GitHub: A beginner's guide to going back in time (aka fixing mistakes)

by Melanie Frazier

What we will cover

In this post I will describe how to walk back changes in Git/GitHub based on where you are in the Git workflow.

Background

Git and GitHub are open source software programs we use for version control, which means tracking how files change over time. Git and GitHub work together, with Git tracking and versioning your files, and GitHub making them available online and providing tools to collaborate with others. With this software, you can track a file over time including line by line changes, as well as who made them and when.

Along with improving workflow, transparency, and collaboration efforts, version control makes it possible to go back and fix mistakes you have made. The approach to fixing mistakes in Git/GitHub depends on where you are in the process of staging/committing/pushing your changes. If you are not familiar with this Git terminology that is OK: I first describe the Git/GitHub workflow and then describe how to use Git from the command line (also called the Git Shell) to walk back changes.
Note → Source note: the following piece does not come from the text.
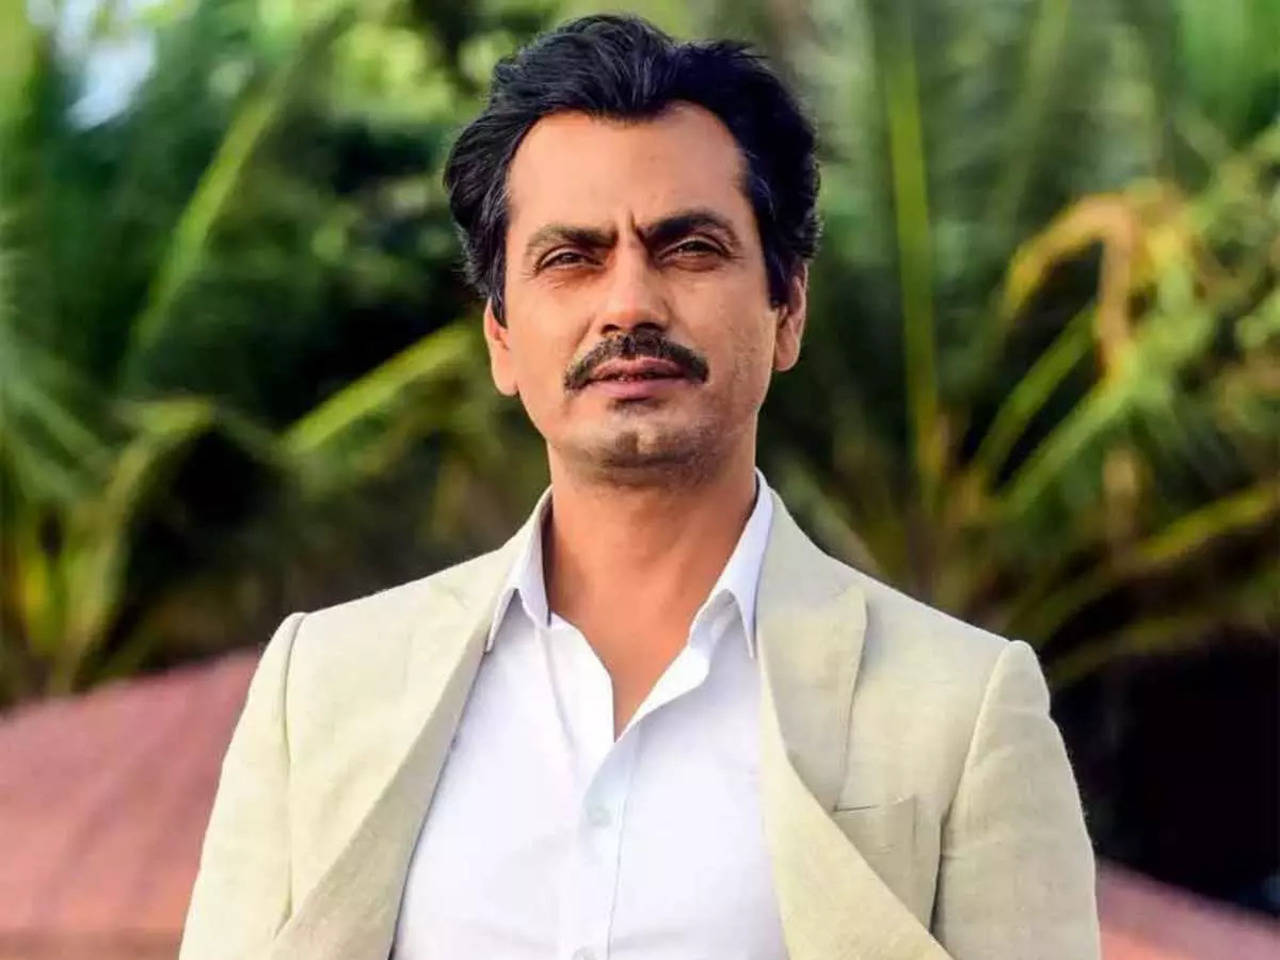 When Nawazuddin Siddiqui was dragged out by collar on movie set

I highly recommend practicing this Git super-power on a non-important repository to gain an understanding of what is going on. Speaking from experience, applying this information in a time sensitive situation on an important repository is… undesirable (to say the least).

An aside

Often I find it easier (or at least less stressful) to use low tech solutions, such as rummaging through my history on GitHub to find the version of the file (or portion of the file) I want, and then copying/pasting this into my current working directory. Although I use Git every day, I rarely need to go back in time to fix changes, so this low tech approach is often more intuitive and faster for me (but definitely less cool and authoritative looking). NO SHAME!

Cheatsheet

For future reference you can download a handy 3x5 card with all the Git commands I describe below.


Some terminology

The approach to reverting to previous versions of your files depends on knowing where you are in the Git workflow, which follows this sequence:



Below I provide more information about each step of this sequence. This information is specific to RStudio because I typically interact with Git through RStudio.
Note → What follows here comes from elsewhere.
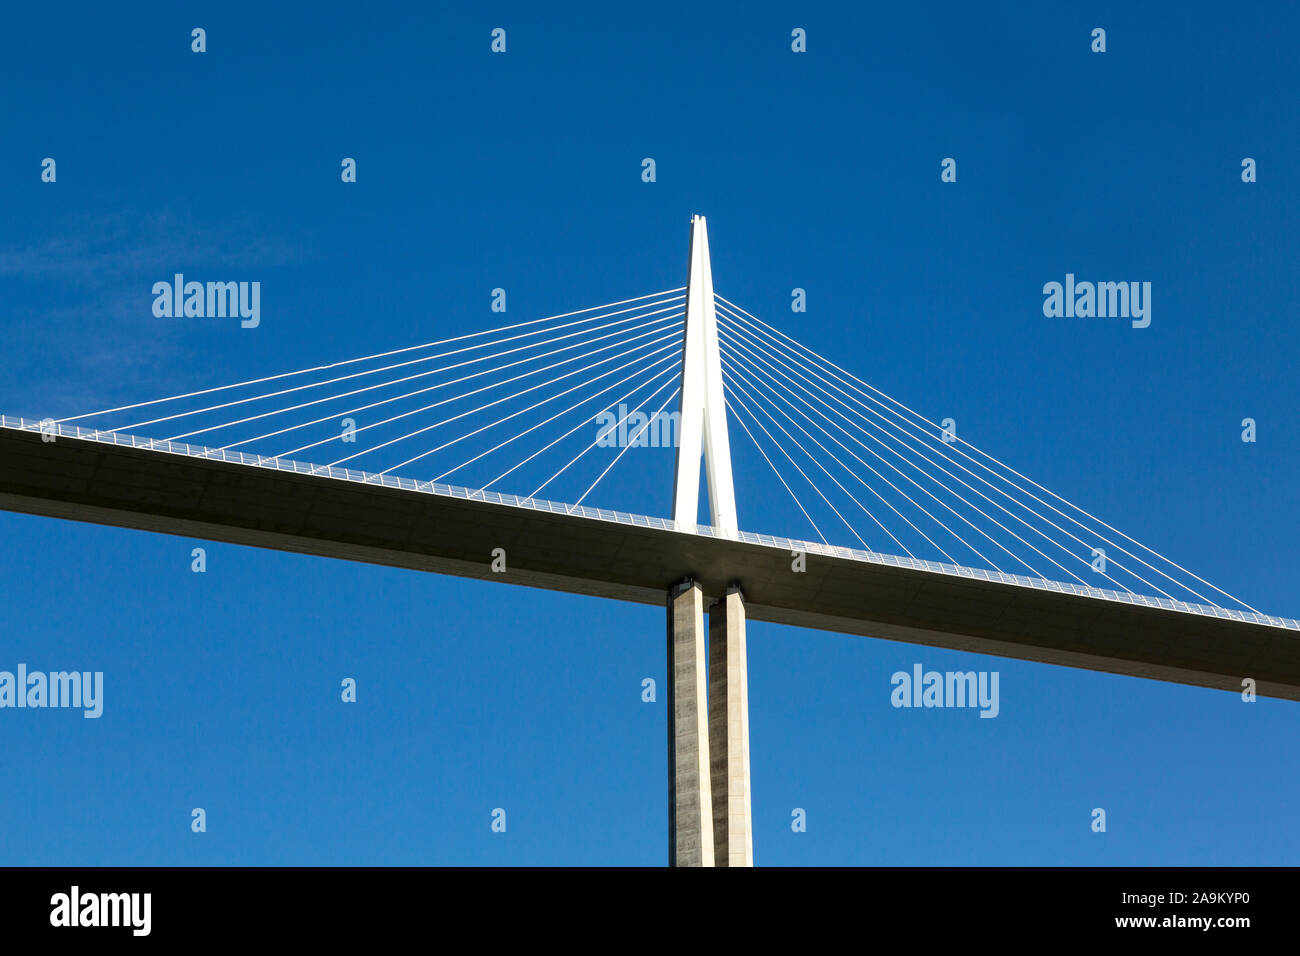 One pylon of the Millau viaduct against a blue sky, photographed from below Stock Photo

Working directory (saved changes)

When you make a change to a file and save, the file is added to the working directory. The Git tab in RStudio shows the files in the Git Working Directory.



Staged

Prior to being committed, a file must be staged. This is indicated by a check next to the file in RStudio’s Git window.



Committed to history

Once a staged file is committed, it is incorporated into Git history.



Pushed to GitHub

Once a local file is pushed to the remote site (i.e., GitHub in this case), it becomes available to collaborators and/or the public.





A beginner’s guide to walking back changes!

The following commands are entered into the Git Shell, which you can access in RStudio from here:


Workflow step 1: Working directory

Changes saved, but not yet staged, committed, or pushed

Delete unstaged changes in the working directory with clean:

git clean -df

git checkout -- .

[WARNING: this will delete your saved changes and is not recoverable]


Low tech solution

The “Commit” button in the Git window in R provides the option to “Discard All” saved changes or more targeted regions (“Discard Chunk”).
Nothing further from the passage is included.